Carnets de voyages

Le Tour du Monde d'Ophély:5 continents traversés,20 pays explorés… Découvrez dans cette chronique Carnet de Voyage le périple d'une voyageuse passionnée,qui vous entraîne dans des contrées hors des sentiers battus pour un parcours initiatique peu commun !




Chili-3Bien que l’expérience que j’ai choisi de vous relater soit celle de l’île de Pâques, je ne peux que débuter ce récit par une pensée chaleureuse pour les Chiliens continentaux, notamment ceux de Santiago et de la région centrale, qui ont vécu un terrible tremblement de terre dans la nuit du 27 février. J’ai eu la chance de quitter le continent quelques heures à peine avant l’effondrement du terminal de l’aéroport et je tenais à leur tirer mon chapeau quand à leur réactivité qui, tout juste cinq jours plus tard, leur permettait de gérer d’une main de maître le trafic aéroportuaire dans des conditions plus que difficiles. Courage !
 
Revenons à ce petit bout d’île de 166 km², l’un des territoires habités les plus isolés au monde et réputé pour sa mysticité. Qui n’a pas entendu parler de ces mystérieux « moai », immenses statues de pierre aux nez aquilins, aux pommettes saillantes et au couvre-chef reconnaissable entre mille ? Depuis très longtemps fascinée par cette culture ancestrale, j’ai foulé cette terre prête à être submergée par l’esprit « Rapa Nui ». Et plus qu’à travers son succulent « curanto polynésien » ou ses danses sportives qui mettent en exergue les corps athlétiques et métissés, il s’est fait ressentir progressivement à travers toute l’île, au détour de chaque chemin, de chaque sentier que j’ai parcouru à pied, à scooter, en 4×4.
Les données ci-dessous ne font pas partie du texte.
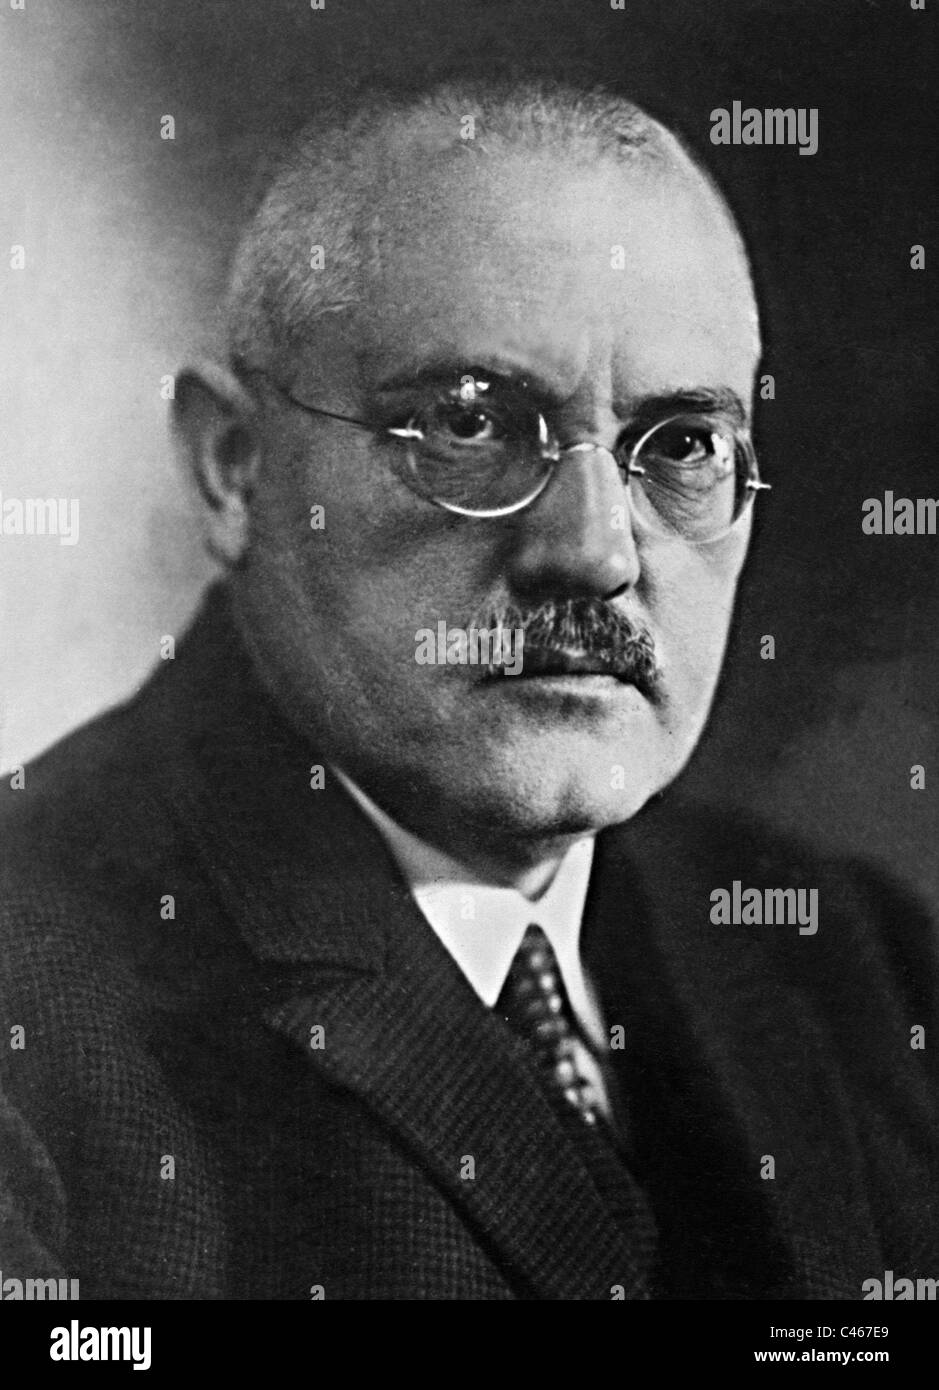 Carl Bosch (1874-1940), German industrial chemist. Bosch worked with Fritz  Haber to develop the Haber-Bosch process, which they patented in 1910. This  Stock Photo - Alamy

Dès la sortie du village, je suis restée bouche bée. Même si à l’admiration se mêlait une étrange indifférence (il faut dire qu’avec tous les reportages visualisés sur ces créatures de pierres, elles faisaient presque partie de mon quotidien), prendre la mesure de leur taille… pour de vrai… m’a estomaqué. Je me suis sentie bien petite ! Ainsi, chaque jour, je suis allée à la rencontre de ces centaines de « moai ». Bien qu’ayant dû essuyer la tristesse de voir la majorité à terre, cassée, délaissée (des guerres intestines ayant eu raison de ces représentants de la « mana » (force) de chaque clan), la restauration de certains « ahu » (plateforme sur laquelle sont dressés les « moai ») m’ont aisément permis de divaguer quant aux cérémonies qui s’y déroulaient autrefois. Quelle vision extraordinaire que ces statues tournées vers le centre de l’île pour protéger les leurs. 7, 8, 15… ces enfilades de géants de pierre sur fond d’océan paraissent hors du temps ! Mon escapade à la « nurserie » me laisse d’ailleurs encore pensive… Il est clair que si cette entreprise avait atteint son but, l’île aurait été entièrement entourée de gardiens rocheux. Un véritable armée de pierre ! Et comme si le décor de l’île elle-même ne m’avait pas suffit, la pleine lune et le soleil se sont joints à moi pour des levers et couchers purement et simplement fantastiques !

Avant de quitter les lieux, je voulais m’offrir un dernier souvenir inoubliable et ma rencontre avec un local sur les abords de Tongariki, l’un des plus beaux sites de l’île avec un alignement parfait de 15 « moais » m’a plus que ravie. Gardien des lieux, le Rapa Nui m’a très vite invitée à venir camper avec lui et une de ses amies. Leur amenant par la même occasion les dernières nouvelles du village au sujet du référendum sur l’expédition d’un « moai » en France et en Italie (il y aurait des arrangements financiers pour la construction d’un hôtel 5* en échange de l’envoi), j’ai été reçue comme une reine… café, pastèque, espace sous la bâche tendue servant de tente collective… Une fabuleuse nuit de discussion et de partage.